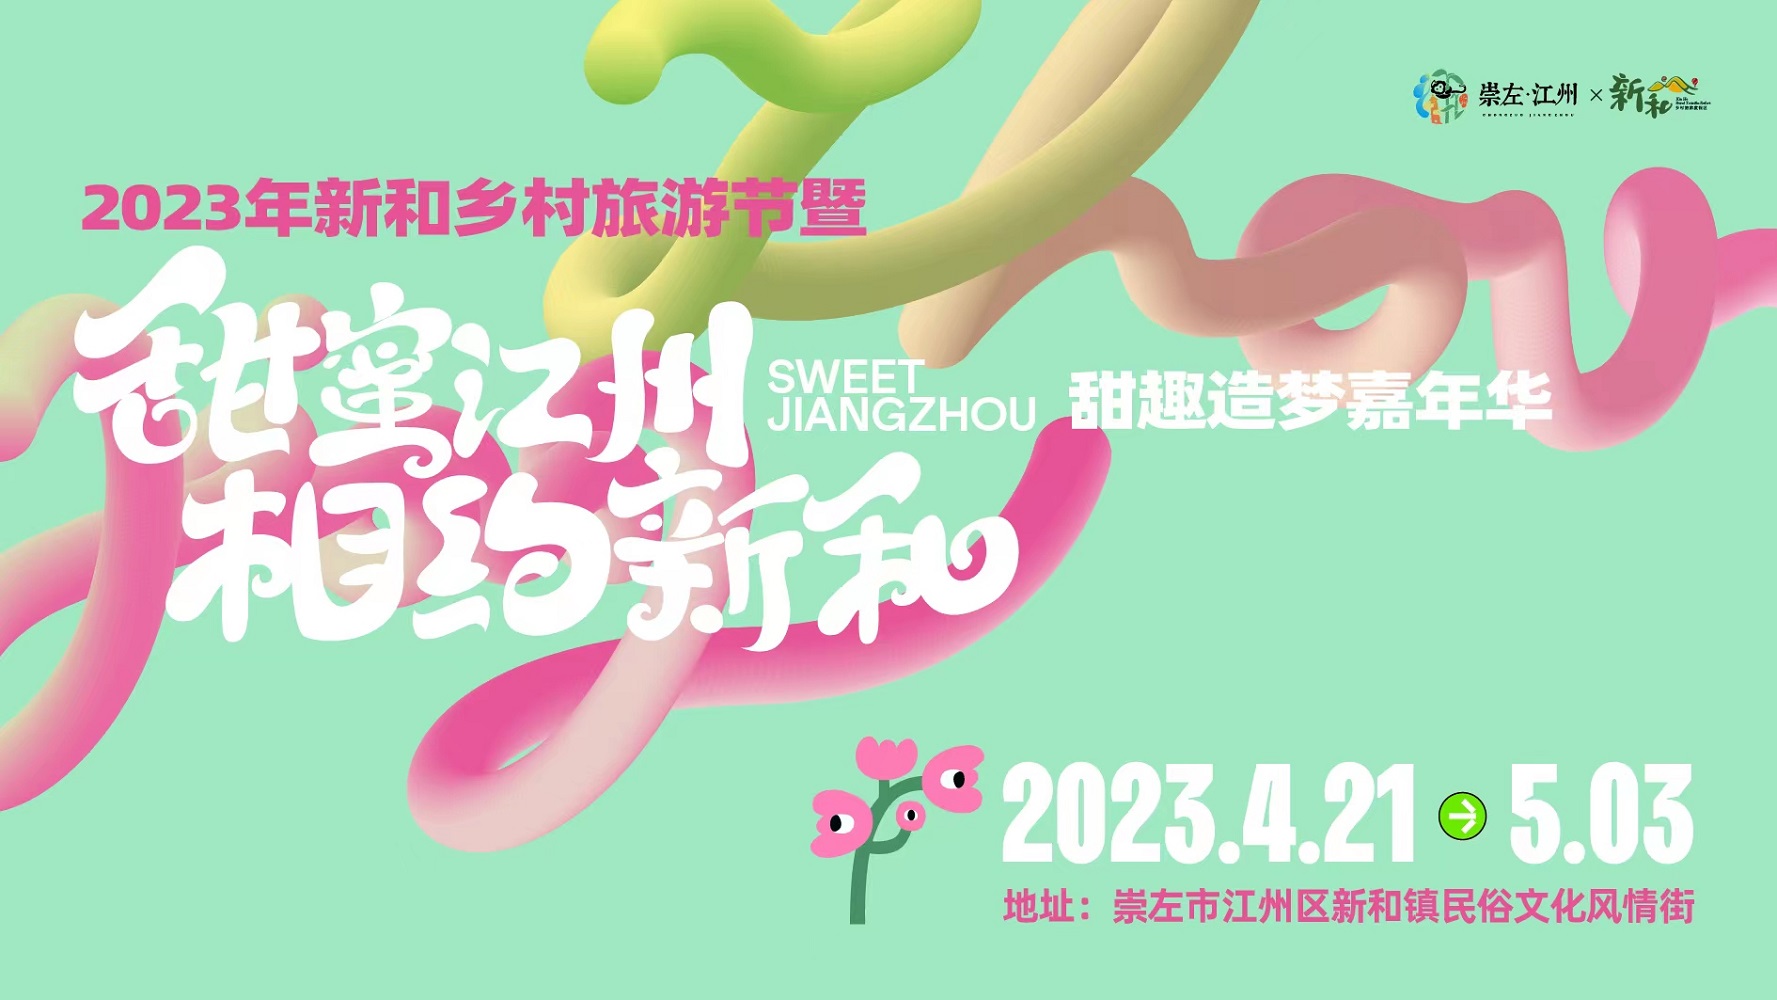 江州区举办2023年新和乡村旅游节暨 “甜蜜江州·相约新和”甜趣造梦嘉年华活动
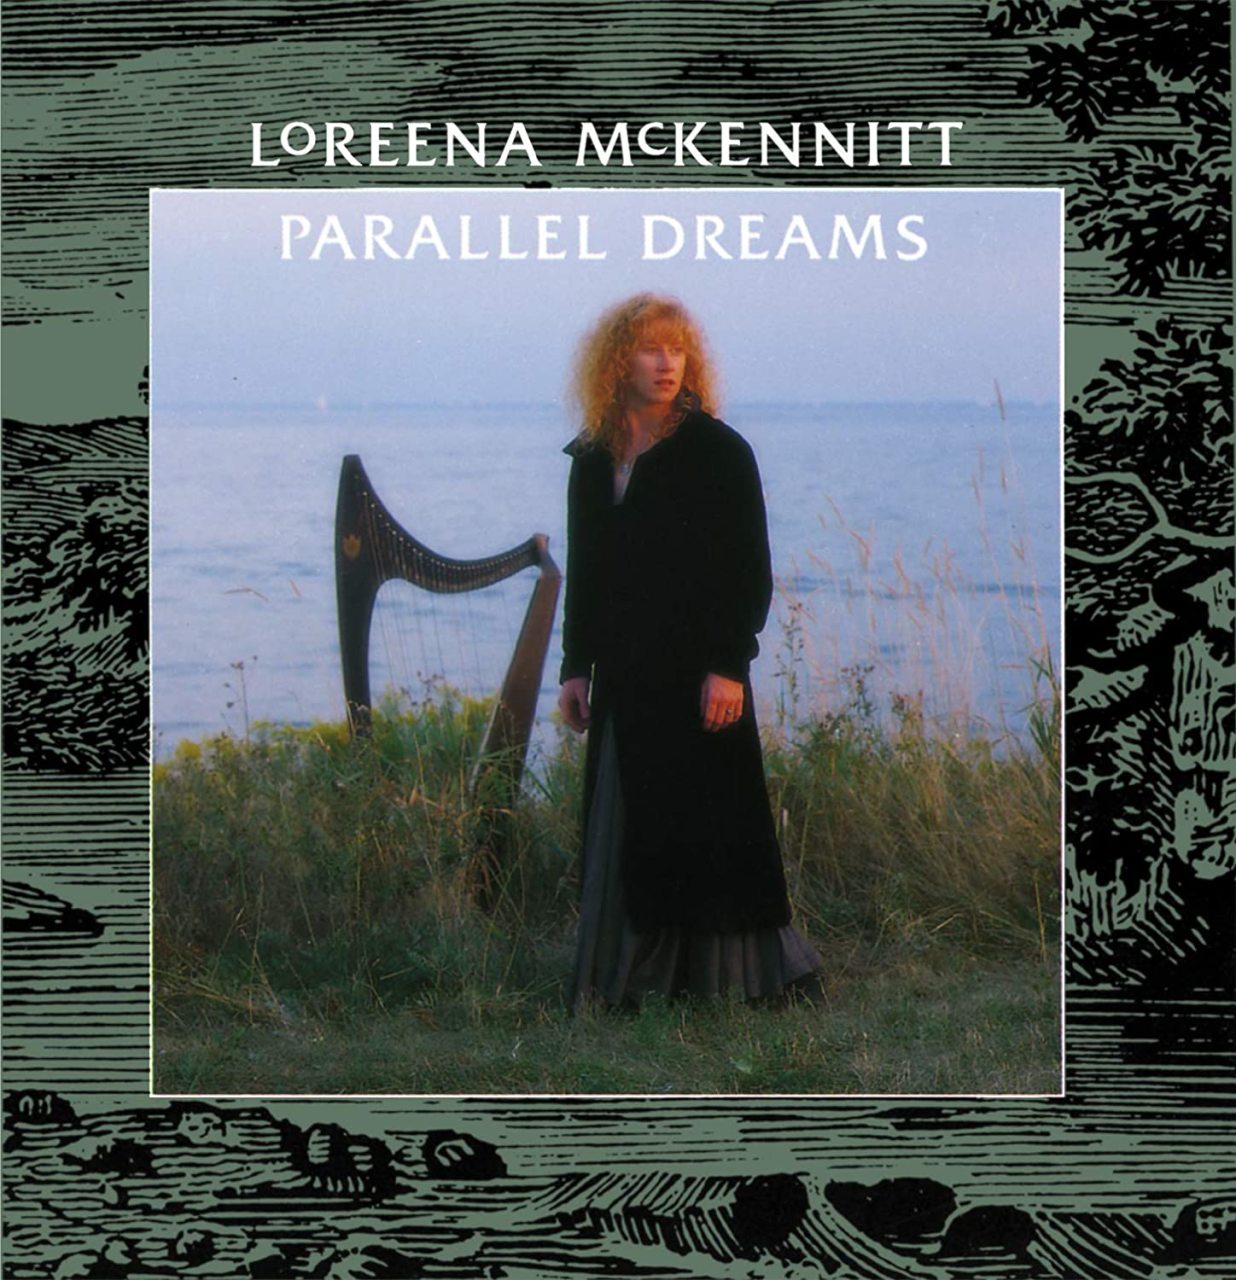 LOREENA McKENNITT - PARALLEL DREAMS (1989) - CD 2006 EDITION SIFIR
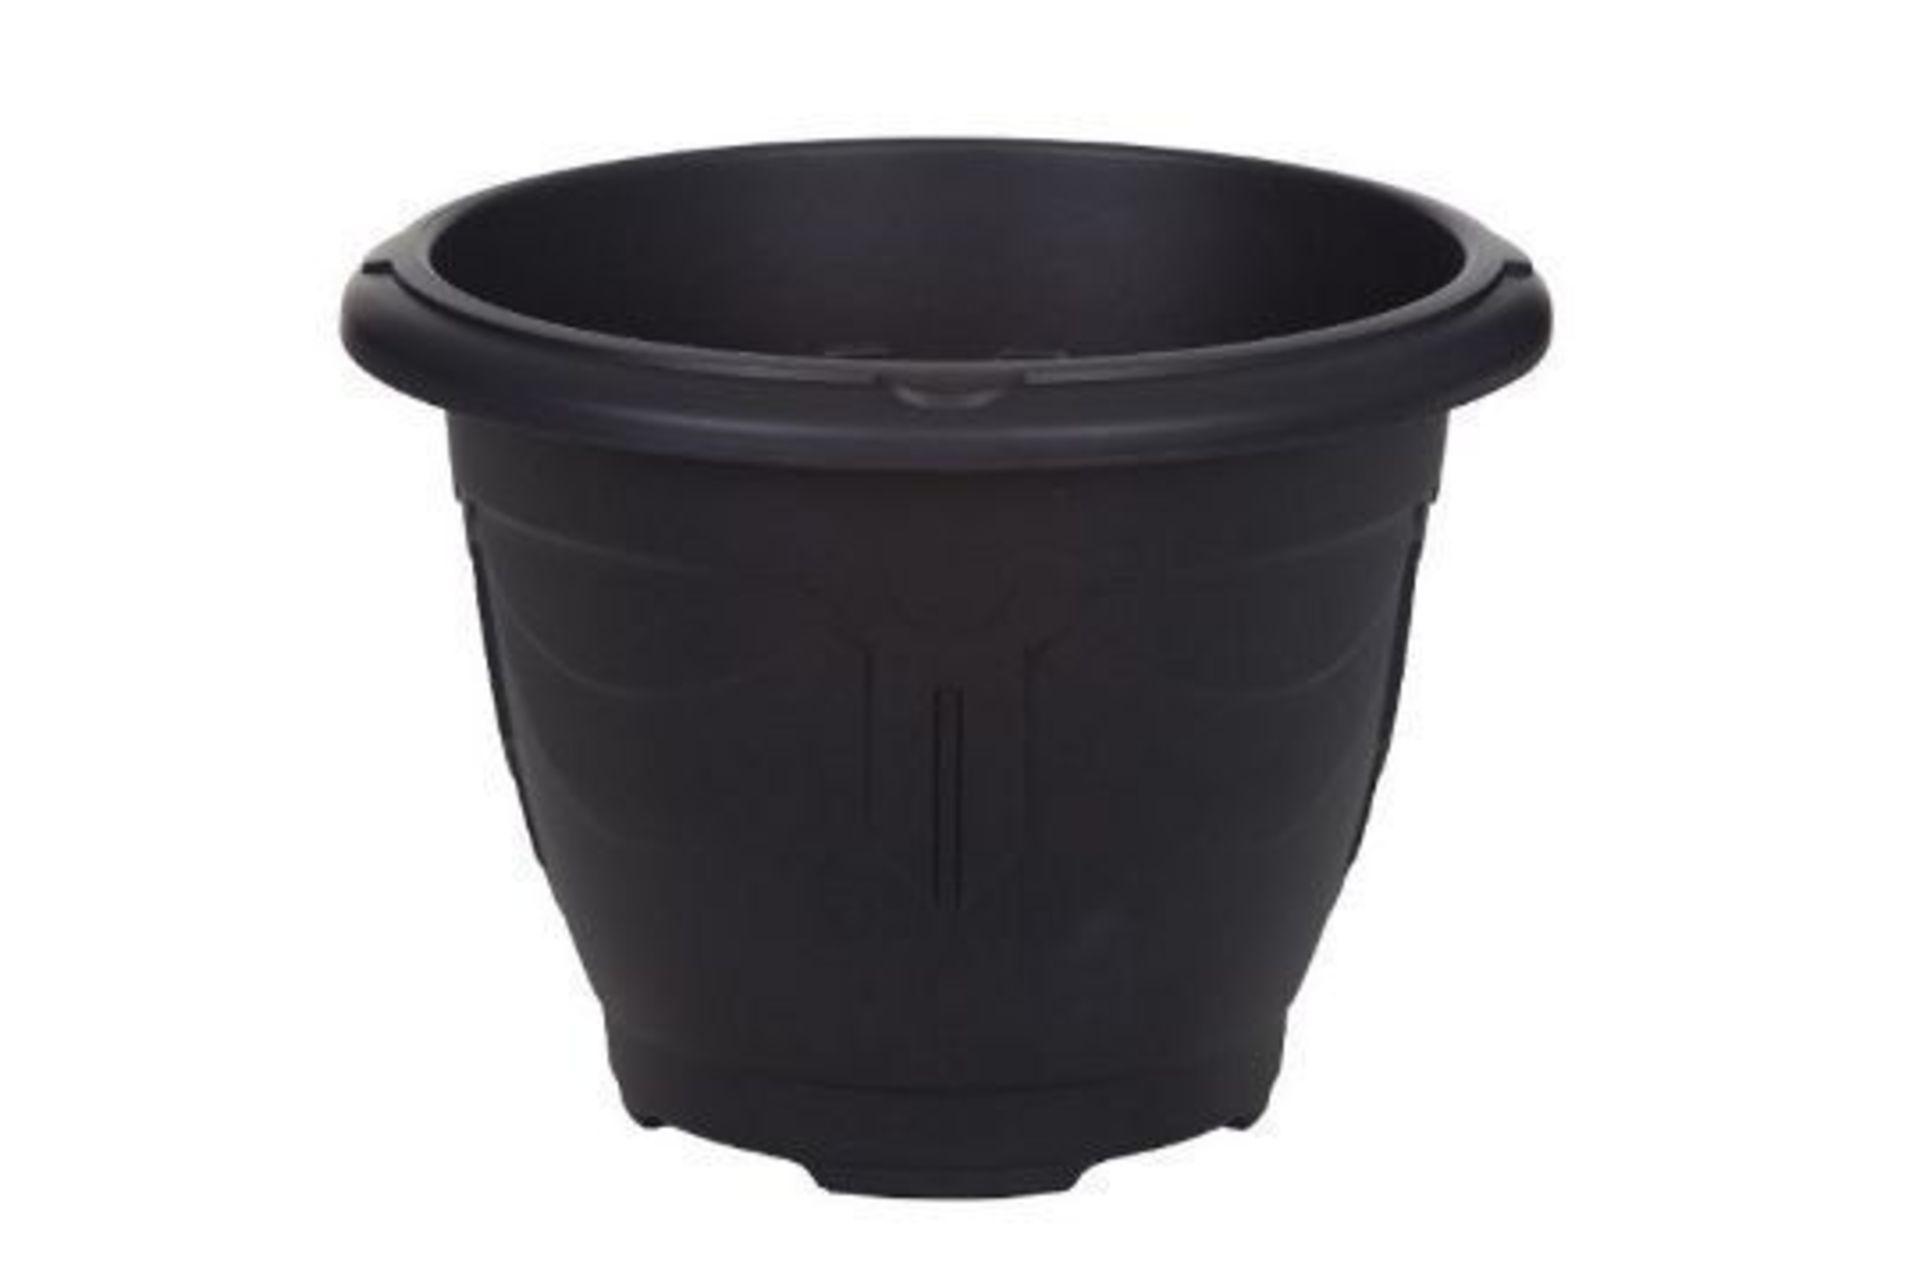 x 2 Black Round Venetian Pot Decorative Plastic Garden Flower Planter Pot 24cm
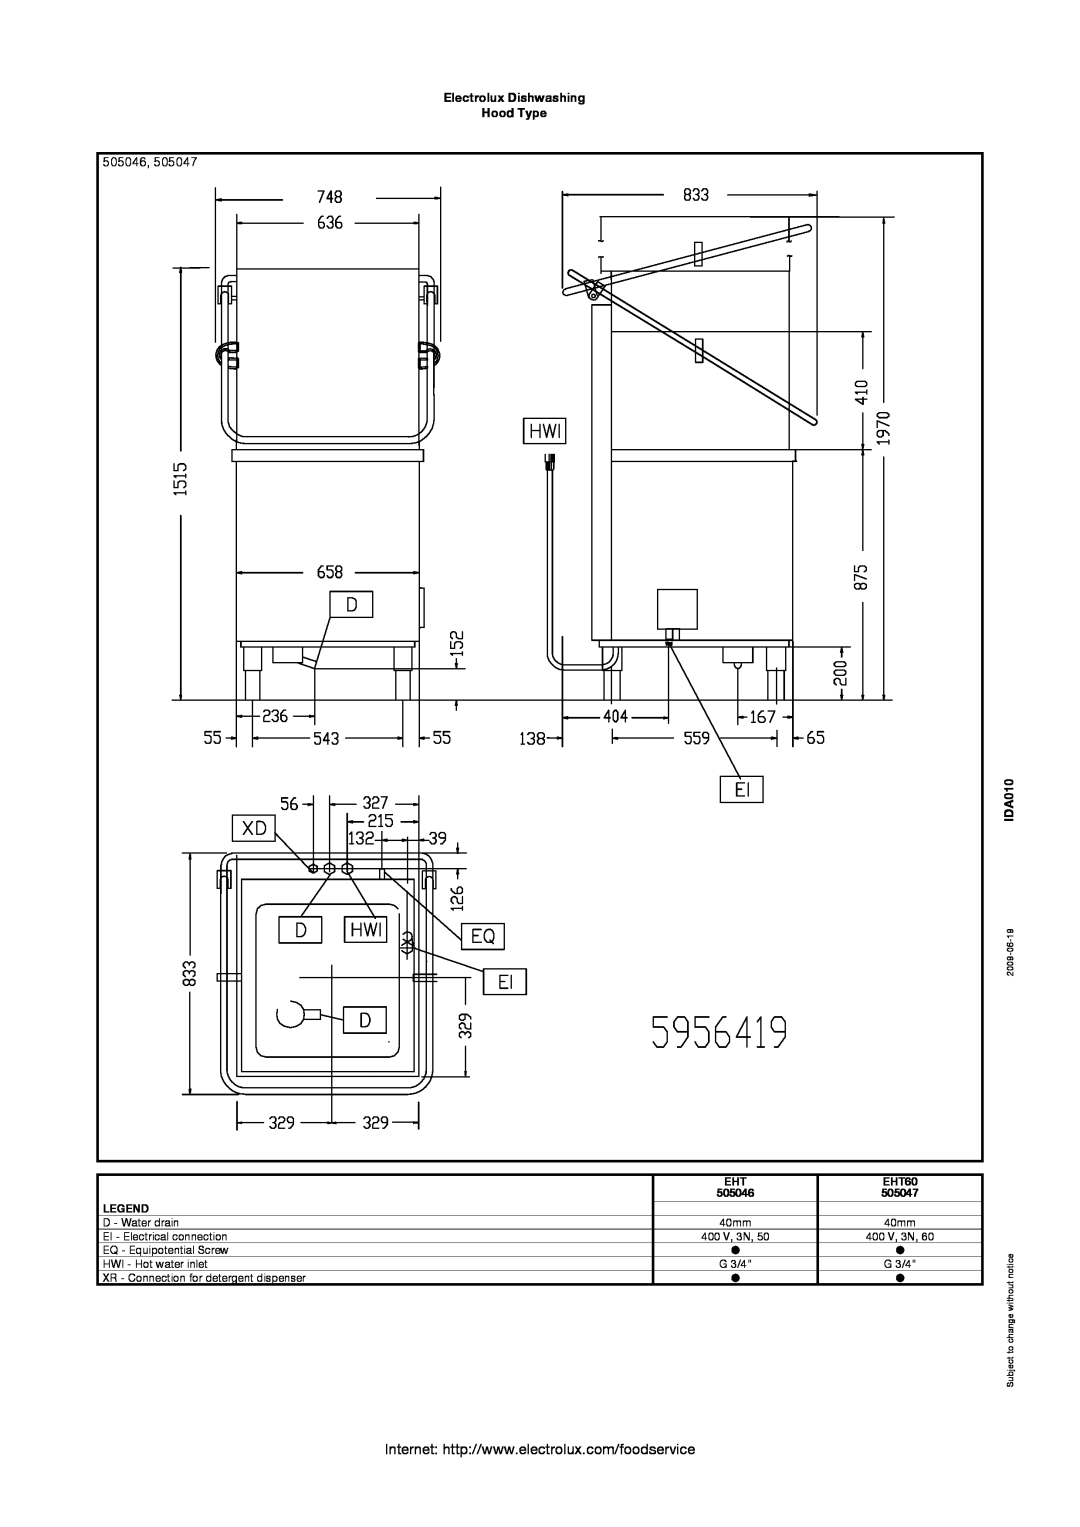 Electrolux 505046 manual Electrolux Dishwashing Hood Type, IDA010, EHT60, 505047

**YOUR OBJECTIVE**
When a picture appears in the material, please pass over it while retyping the rest exactly.

**OUTPUT OF THE TASK**
 江州区举办2023年新和乡村旅游节暨 “甜蜜江州·相约新和”甜趣造梦嘉年华活动
 LOREENA McKENNITT - PARALLEL DREAMS (1989) - CD 2006 EDITION SIFIR
 x 2 Black Round Venetian Pot Decorative Plastic Garden Flower Planter Pot 24cm
 Electrolux 505046 manual Electrolux Dishwashing Hood Type, IDA010, EHT60, 505047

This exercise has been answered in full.